# [WORK REQUIRED]
All the lines below need retyping exactly, apart from the images.

# [SOURCE DATA]
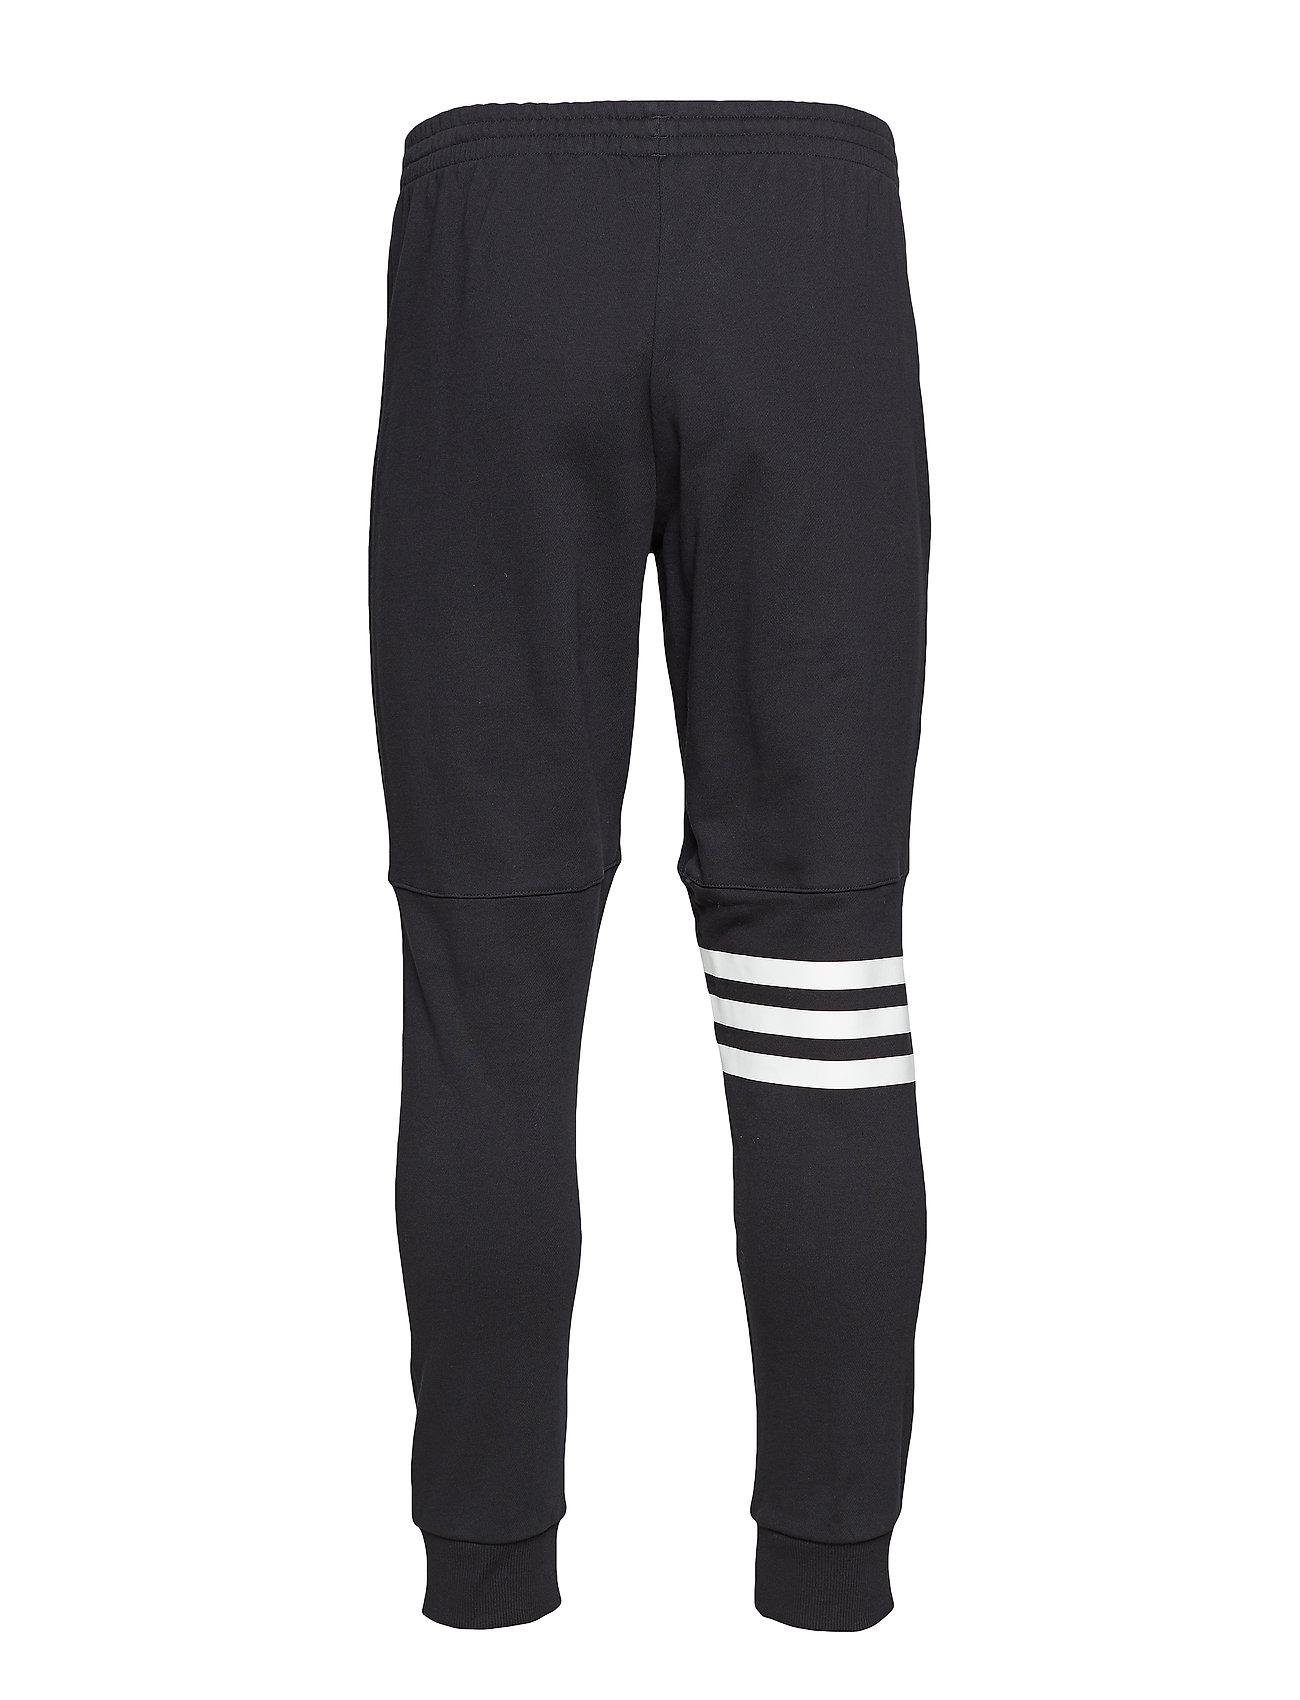 competitive price 94273 df9ff Adidas ALE Vaatteet netistä   Nyt jopa -60%   SPOT-A-SHOP
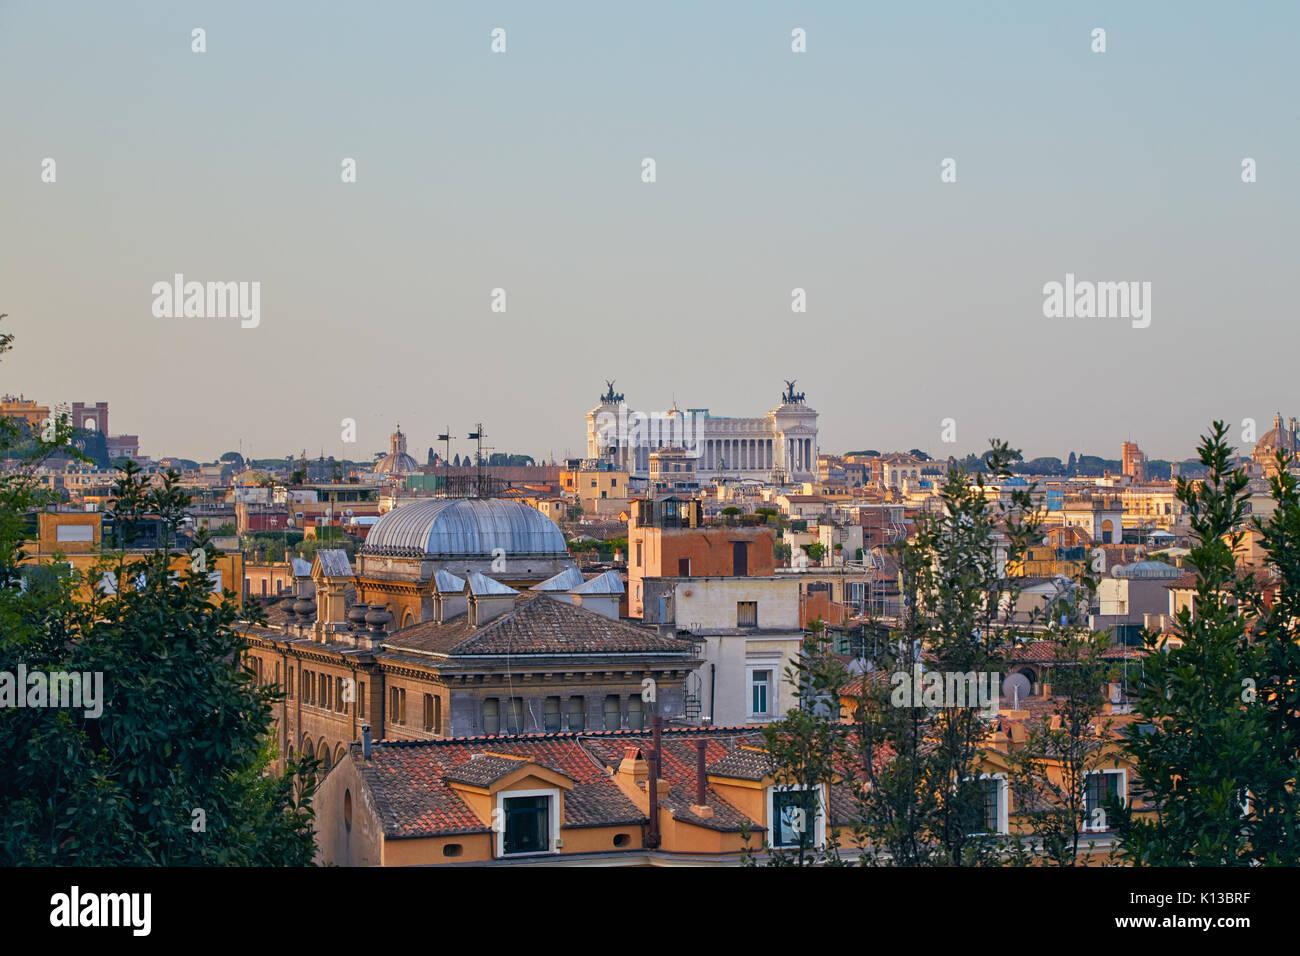 Matin panorama de Rome avec une vue sur le monument Vittoriano Photo Stock
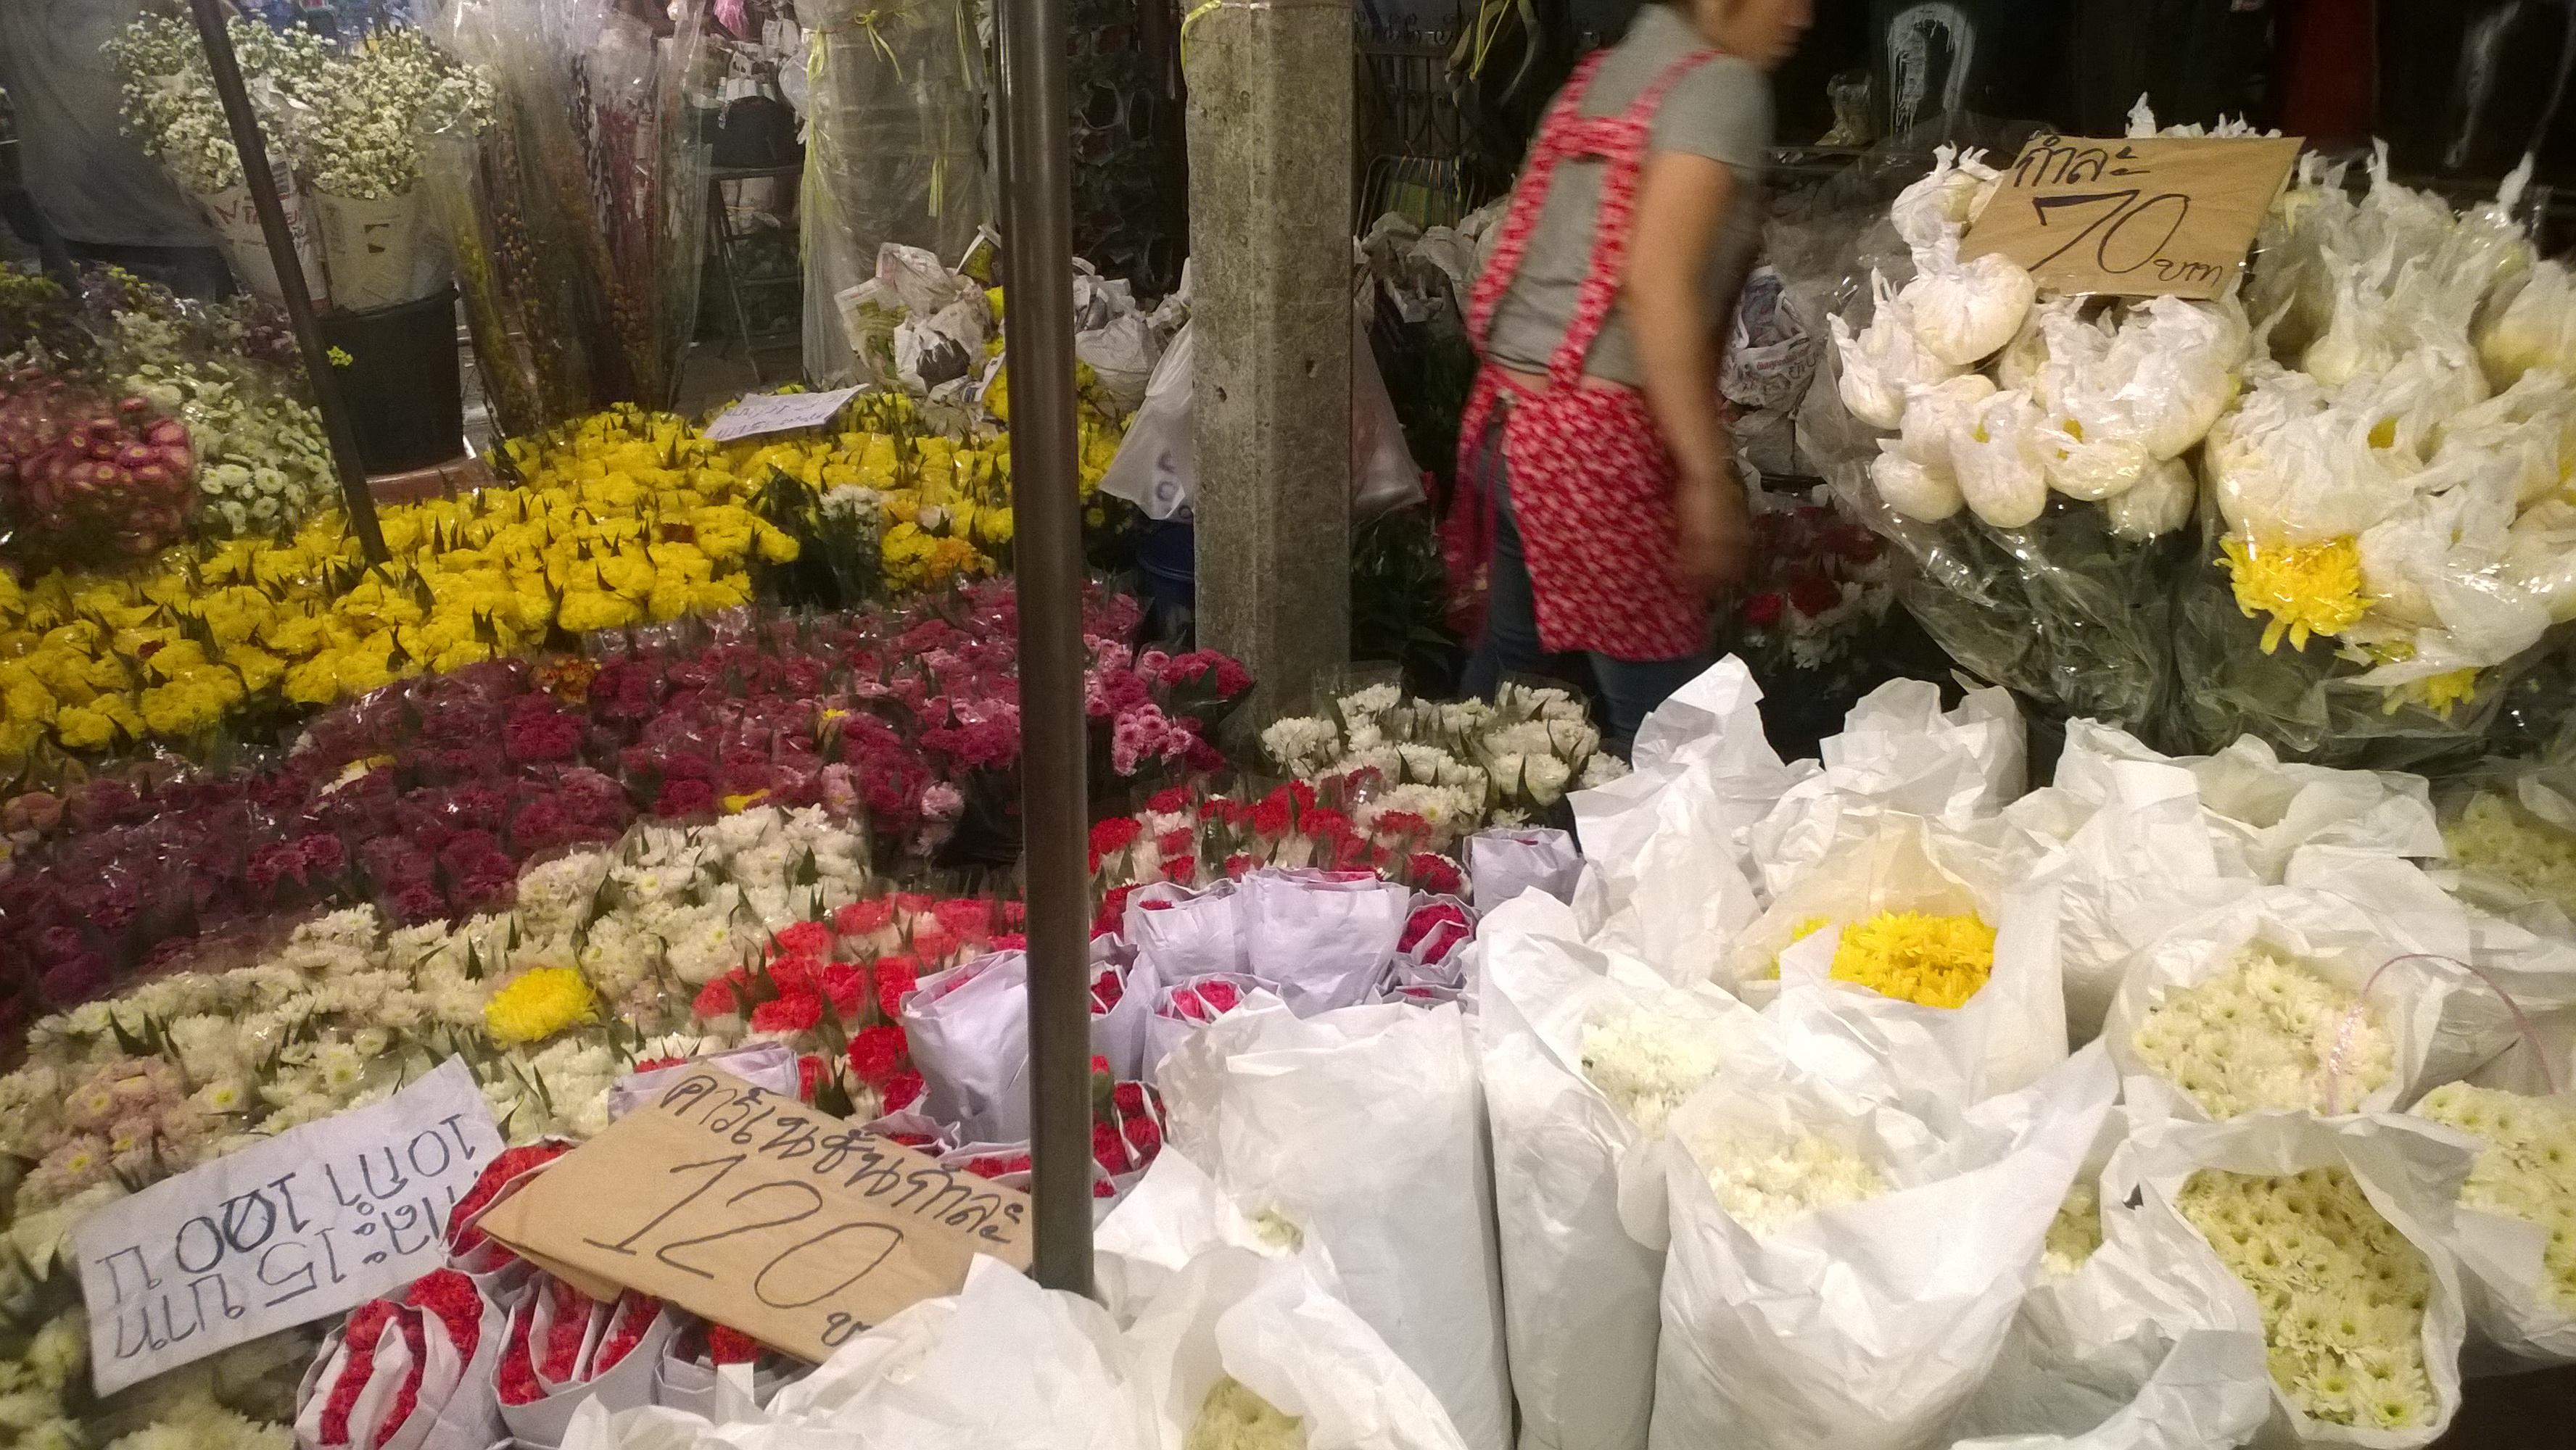 Thailand Bangkok Pak Khlong Talat - flower market ovedc 05.jpg

# [SOLUTION TO THIS TASK]
 competitive price 94273 df9ff Adidas ALE Vaatteet netistä   Nyt jopa -60%   SPOT-A-SHOP
 Matin panorama de Rome avec une vue sur le monument Vittoriano Photo Stock
 Thailand Bangkok Pak Khlong Talat - flower market ovedc 05.jpg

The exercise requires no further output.